‚Es‘ ist nackt
Killoffer ist zusammen mit Lewis Trondheim Gründungsmitglied des großartigen Comic-Verlags L’Association. Eine Art Verlag der Autoren, aber auch ein Autorenverlag, denn hier toben sich erkennbar Subjekte aus. Killoffer ist wie sein Kollege Trondheim ein nicht gerade zartbesaitetes Subjekt. Das zeigt auch sein jüngst in deutsch erschienenes Album „Sechshundertsechsundsiebzig Erscheinungen von Killoffer“…
Gleich zu Anfang schon steigert sich der in Kanada gelandete Franzose in die Frage hinein, was mit dem in der Spüle in Paris vor sich hin gammelnden Geschirr wohl während seiner Abwesenheit passieren mag? Der Schmutz und Dreck quillt auf, vermehrt sich, brodelt, lebt, wird zum abartigen Morast. Was in Paris wirklich geschieht … wer weiß das schon? In Kanada jedenfalls mutiert Killoffers Wesen gemäß eben jener Fantasie: Killoffer vermehrt sich: Er rennt durch Straßen, sitzt in Cafés, geht in Clubs – und immer sind seine Alter Egos zugegen. Vor allem in seiner Wohnung haben es sich seine Ebenbilder gemütlich eingerichtet – dort hausen sie regelrecht. Unzählige Killofers hängen dort herum – nackt, saufend, fressend, rauchend, fickend (gerne ein Ebenbild das andere). Auch auf der Strasse und in den Etablissements der Stadt randalieren sie.

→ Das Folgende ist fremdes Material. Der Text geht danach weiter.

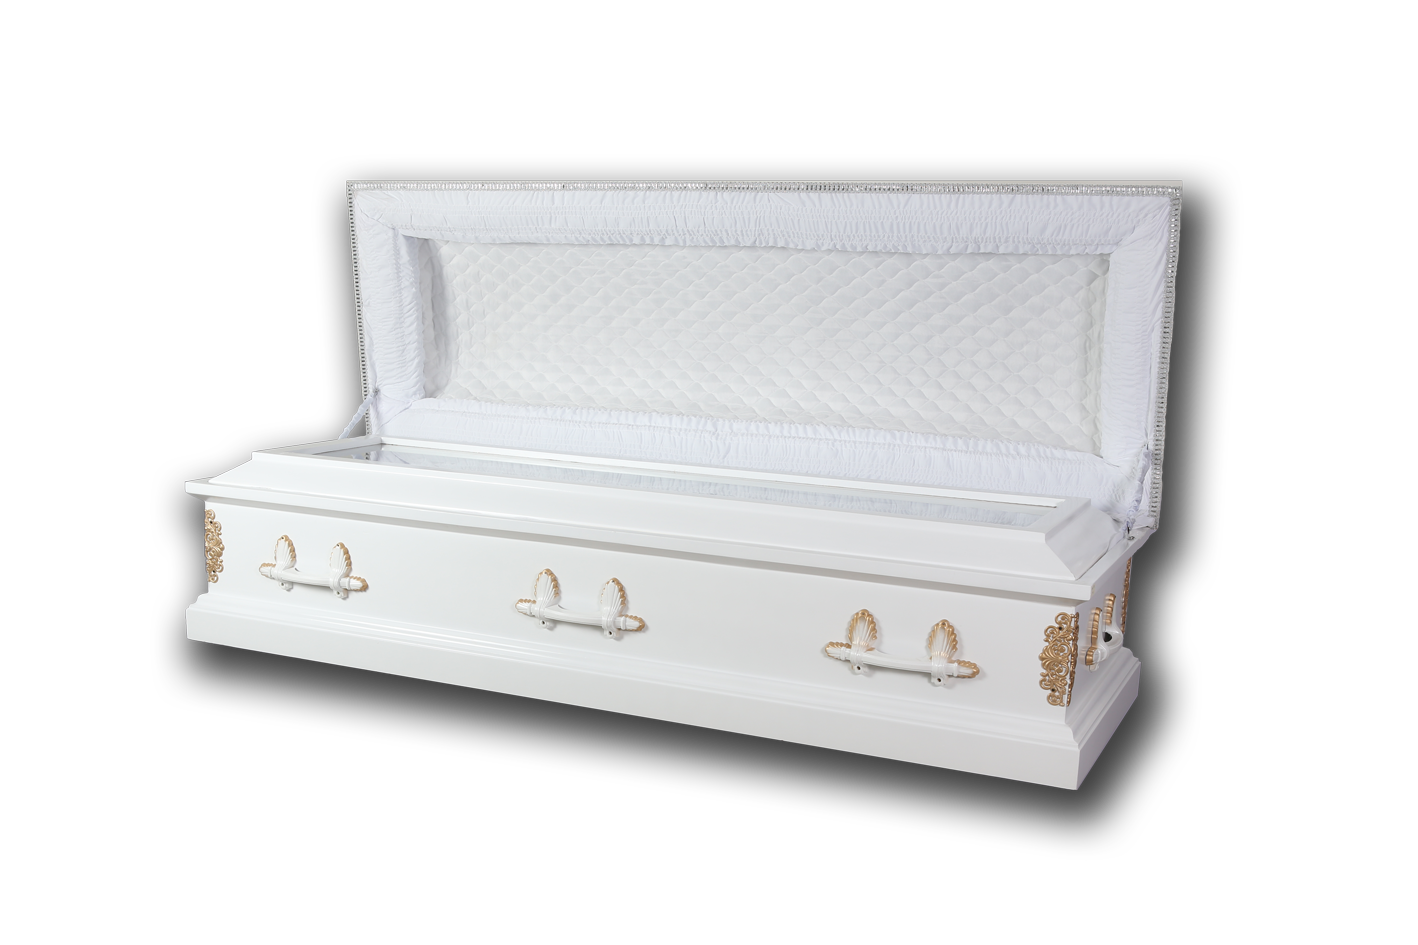  Included casket from ST. DOMINIQUE traditional pre-need plan from St Peter Life plan

Sie zetteln Schlägereien an, belästigen Passanten, vergewaltigen.
Killoffer kämpft in dem fast wortlosen Album mit sich und seinen Trieben, seinen Fantasien, alles garantiert von der widerwärtigsten Art. Das ‚Es‘ lässt hier voll die Sau raus und ‚Ich‘ und ‚Über Ich‘ werden kaum Herr der Lage. Bis das Killoffer-Ich zum großen Gegenschlag ausholt und ein sagenhaftes Massaker anrichtet. Das sieht dann wiederum auch nicht weniger übel aus als die Taten der Alter Egos.
Ein gemeines kleines-großes Werk hat der französische Zeichner da geschaffen. Ein Ringen mit sich selbst, das virtuos inszeniert ist. Die Spaltung der Persönlichkeit erfasst Killoffer in ganzseitigen Panels, die kaum definierte Räume öffnen und imposant durch die Zeitachse gleiten. Und eben auch durch so etwas wie eine ‚Psychoachse‘. Doch trotz allem Gewusels gibt Killoffer klare Linien und starke schwarzweiss-Kontraste vor, so dass man die splatterigen Wimmelbilder gegen alle angewandten Mittel der Desorientierung entschlüsseln kann. Großartige Schlachtengemälde der Psyche sind das, in denen er eine wahrlich nicht zimperliche Selbstentblößung an den Tag legt. Eine Großtat!